- Born: 14 July 1856
- Died: 26 October 1907 (aged 51)
- Allegiance: United Kingdom
- Branch: Royal Navy
- Rank: Captain
- Commands: HMS Renown (1900-02)
- Conflicts: Mahdist War
- Children: Lord Berners
- Relations: Harriet Tyrwhitt, 12th Baroness Berners (mother)

= Hugh Tyrwhitt =

English Royal Navy officer (1856–1907)

Captain Hugh Tyrwhitt (14 July 1856 – 26 October 1907) was a Royal Navy officer who served as Private Secretary to the First Lord of the Admiralty. He was the father of noted aesthete and composer Lord Berners.

==Early life==
Tyrwhitt was born in 1856, the second surviving son of Sir Henry Thomas Tyrwhitt, 3rd Baronet (son of Sir Thomas Tyrwhitt-Jones, 2nd Baronet) and Harriet Tyrwhitt, 12th Baroness Berners. His elder brother Raymond Tyrwhitt succeeded as 13th Baron Berners, and his sister Hon. Arden Mary Tyrwhitt was the wife of Francis Knollys, 1st Viscount Knollys, Private Secretary to King Edward VII.

==Career==
He was commissioned a sub-lieutenant in the Royal Navy in June 1876, and promoted to lieutenant in February 1881. He served as flag lieutenant to the Commander-in-Chief of the Mediterranean Fleet, served with the Naval Brigade in Sudan and took part in the Nile Expedition to relieve General Charles Gordon in 1884. Promotion to commander followed in June 1893, and to captain in January 1899. On 19 March 1900 he was appointed in command of the battleship Renown, flag ship to Admiral Sir John Fisher, Commander-in-Chief of the Mediterranean Fleet.
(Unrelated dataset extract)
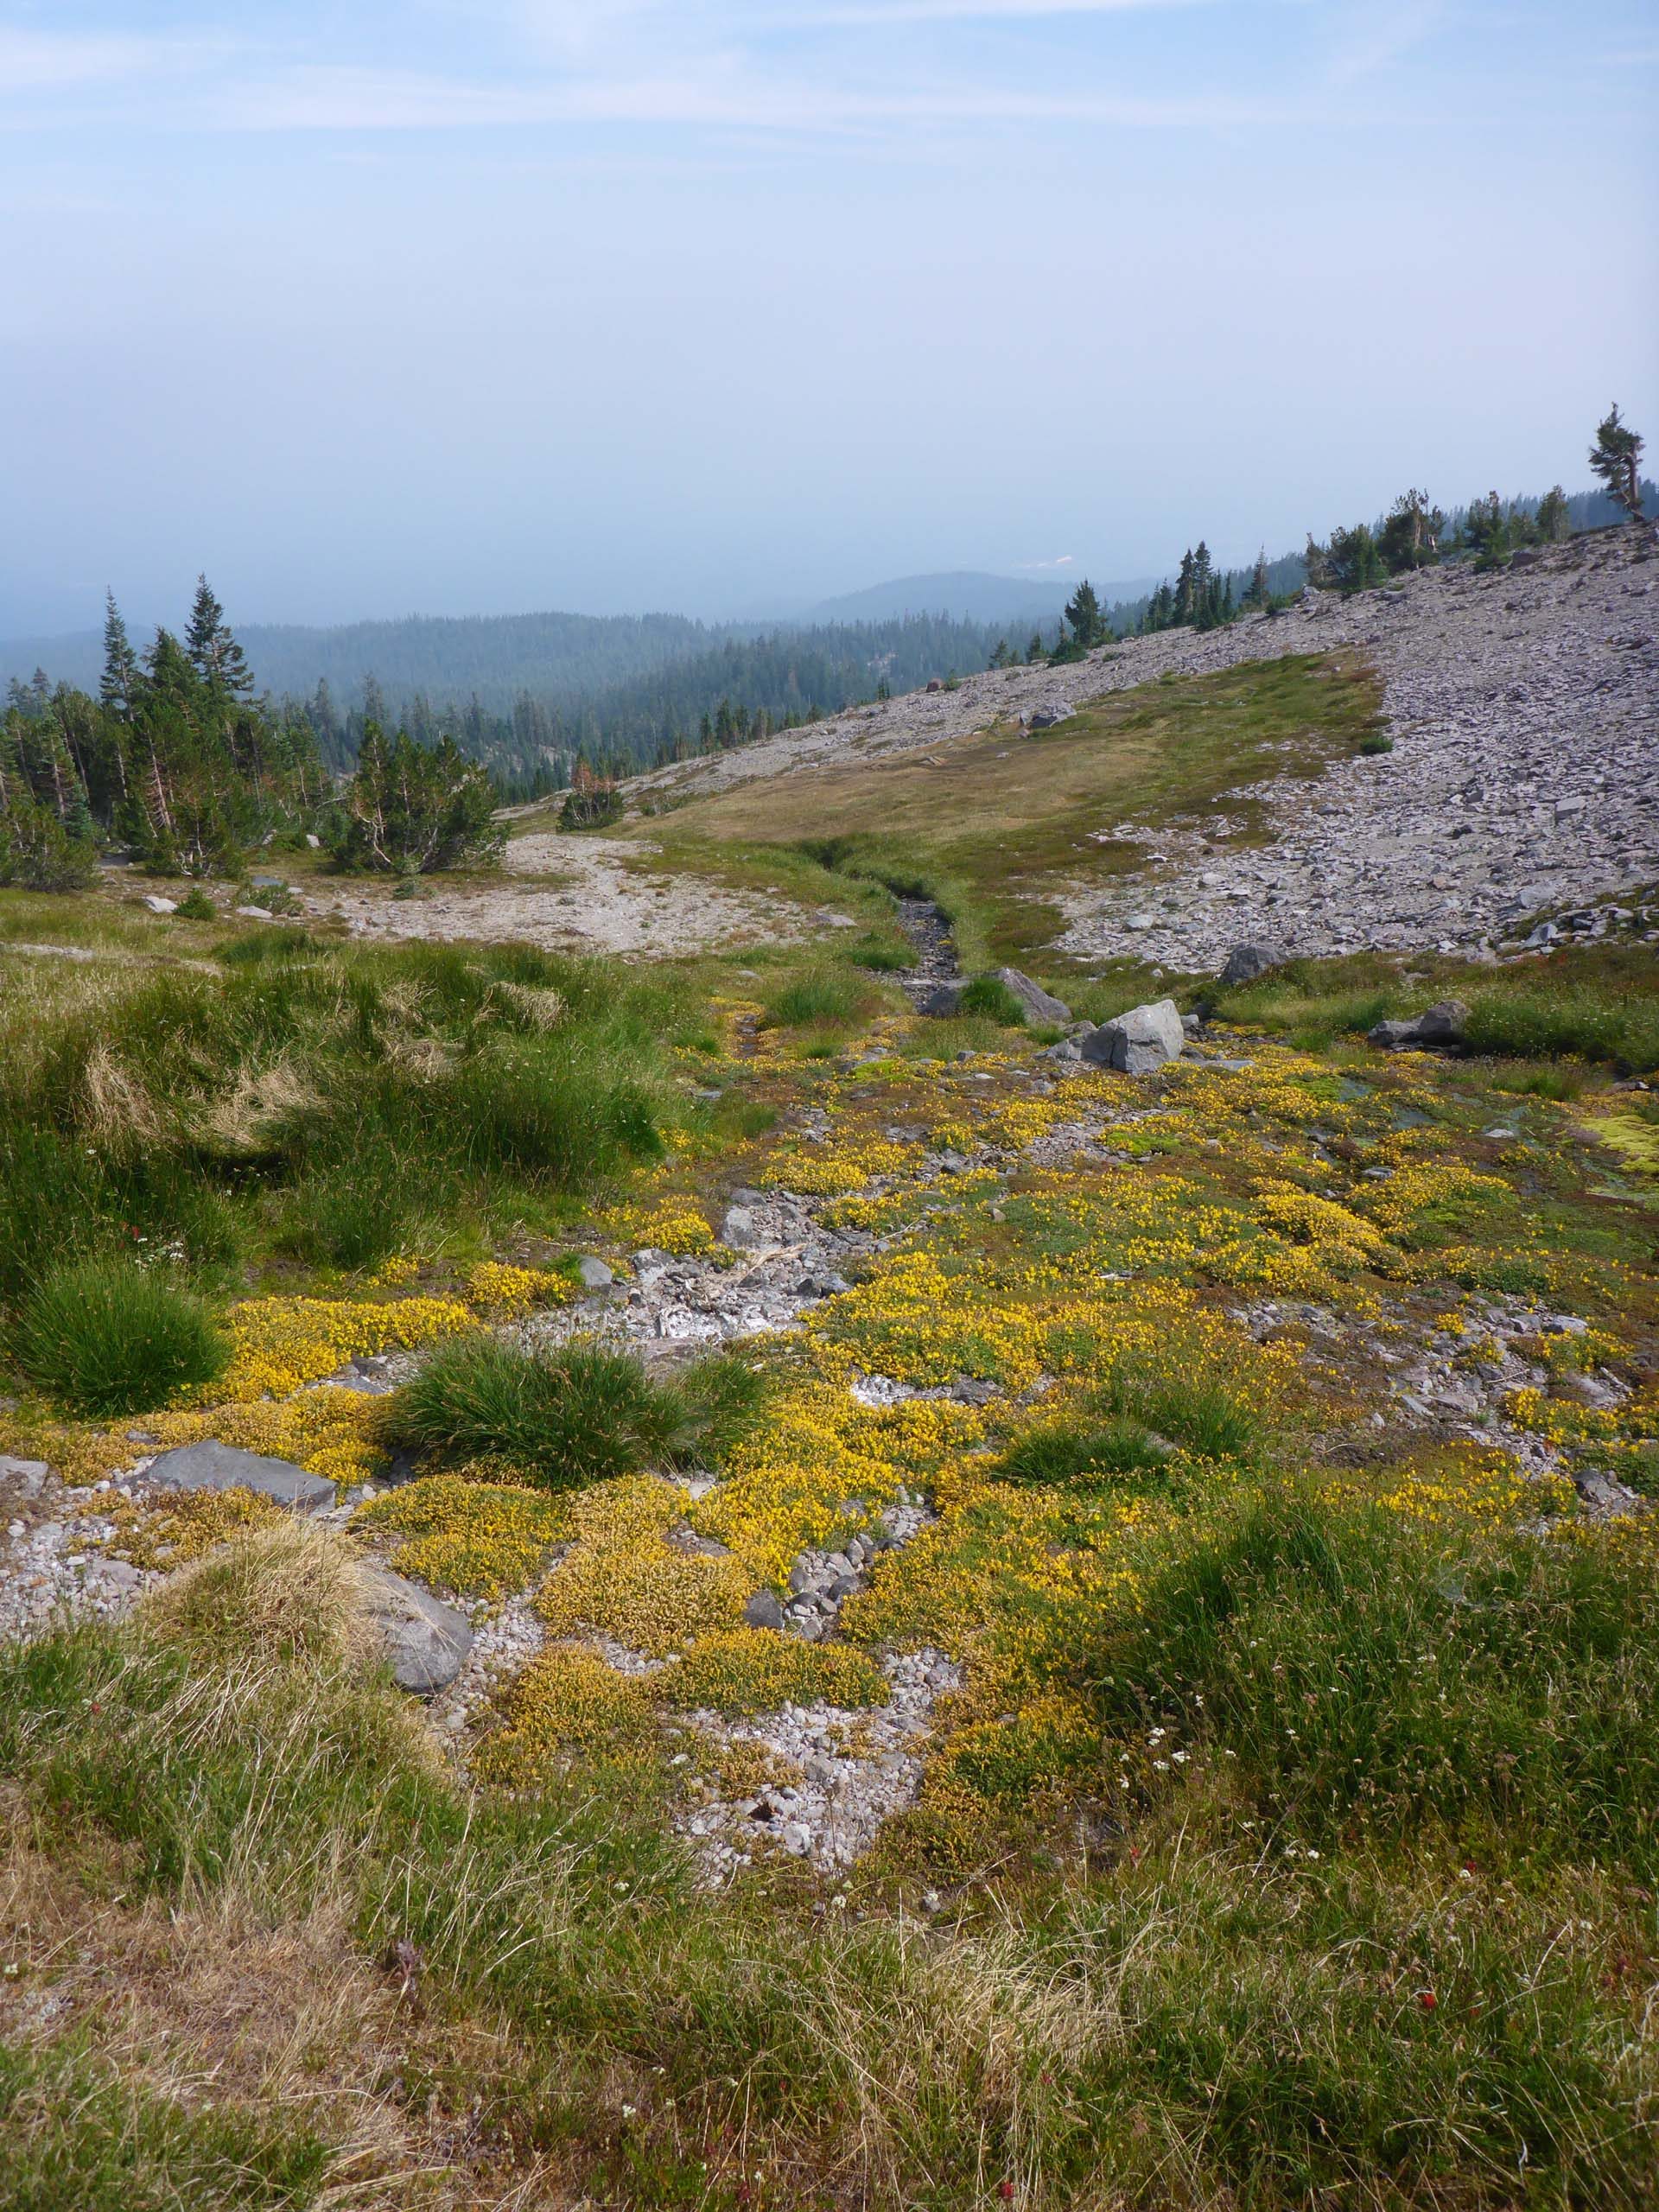 Tiling's monkeyflower at the headwaters of the stream to South Gae Meadows. D. Burk.

Fisher hauled down his flag in June 1902 to become Second Naval Lord, and Tyrwhitt was succeeded as captain on the Renown by Arthur Farquhar. Following Fisher's recommendation, Tyrwhitt was on 9 October that year appointed Private Secretary to the First Lord of the Admiralty. In 1905 he was again given command of the Renown and escorted the Duke and Duchess of York to India. He died two years later.

==Personal life==
On 10 August 1882, Tyrwhitt was married to Julia Mary Foster (d. 1931), a daughter of William Orme Foster, MP for South Staffordshire, and the former Isabella Grazebrook. Together, they were the parents of:

- Gerald Hugh Tyrwhitt-Wilson, 14th Baron Berners (1883–1950), the composer, novelist, painter, and aesthete who never married.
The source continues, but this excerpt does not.